## What needs to be done
Within the records below, find the line with "androidアプリ 三国志蜀漢風雲攻略スクリーンショット3" and the line with "8bitパワーup-01-1_dryの未再生の波形", then reproduce exactly those two lines and all lines between them, without any picture.

## Material provided

++++++++++

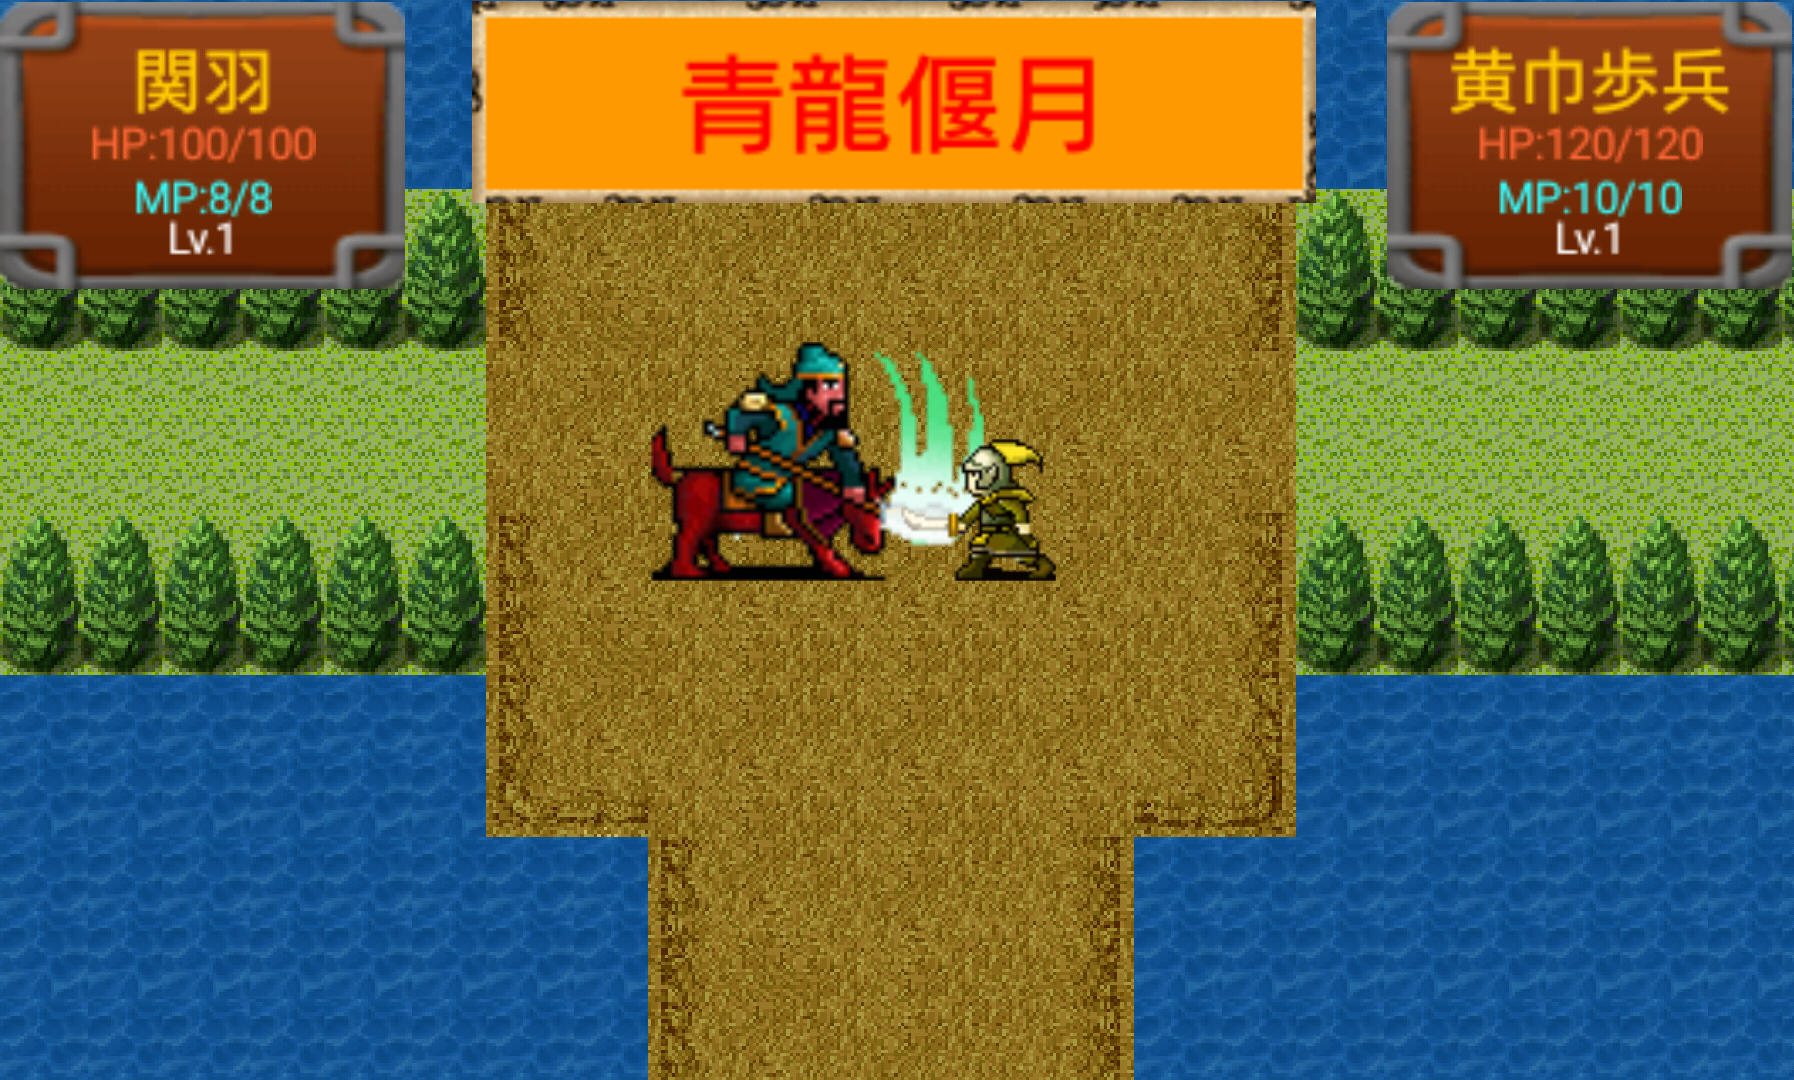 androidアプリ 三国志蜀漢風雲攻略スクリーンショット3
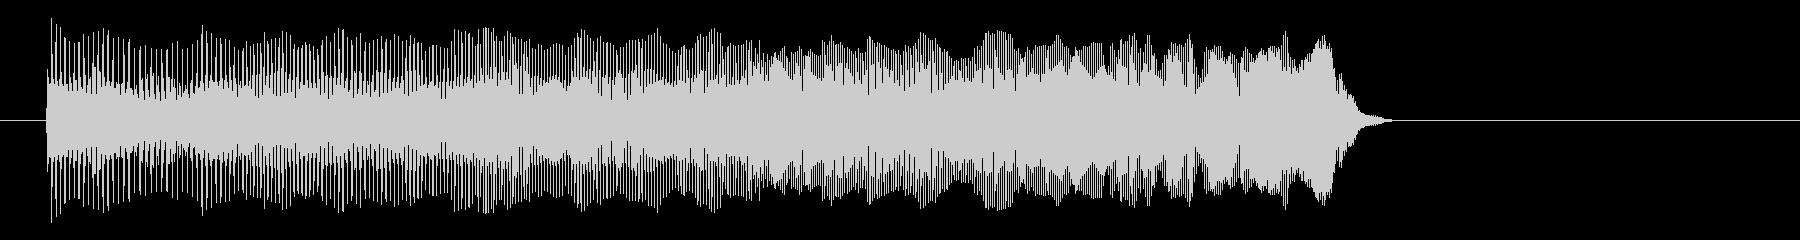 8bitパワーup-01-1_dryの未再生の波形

++++++++++

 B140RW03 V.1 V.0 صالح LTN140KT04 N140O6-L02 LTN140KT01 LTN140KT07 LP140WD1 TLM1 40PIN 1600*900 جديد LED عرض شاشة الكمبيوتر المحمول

++++++++++

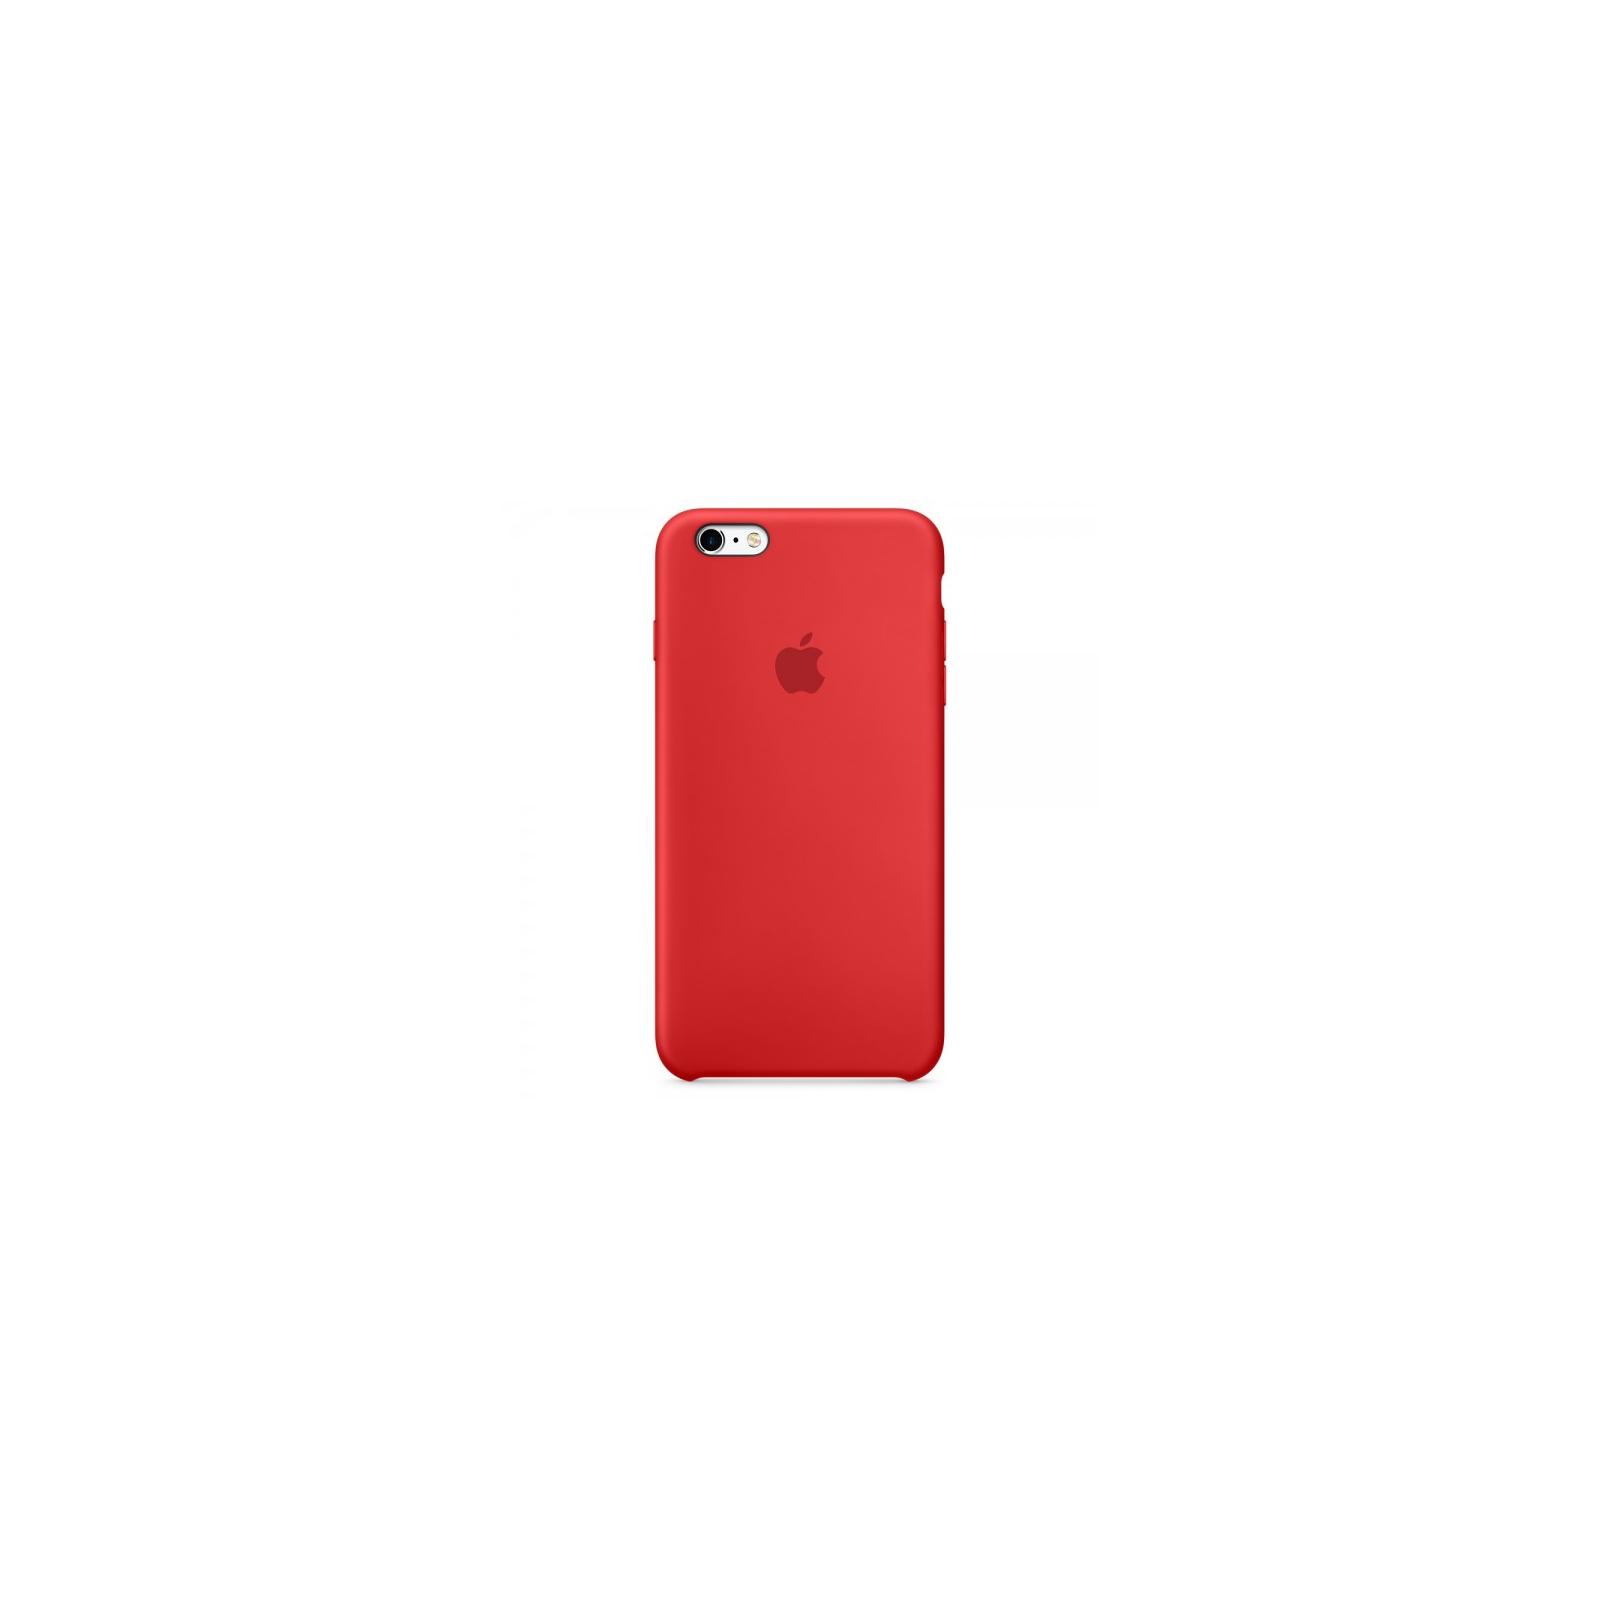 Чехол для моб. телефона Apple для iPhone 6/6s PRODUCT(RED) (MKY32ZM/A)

++++++++++

## Expected answer
 androidアプリ 三国志蜀漢風雲攻略スクリーンショット3
 8bitパワーup-01-1_dryの未再生の波形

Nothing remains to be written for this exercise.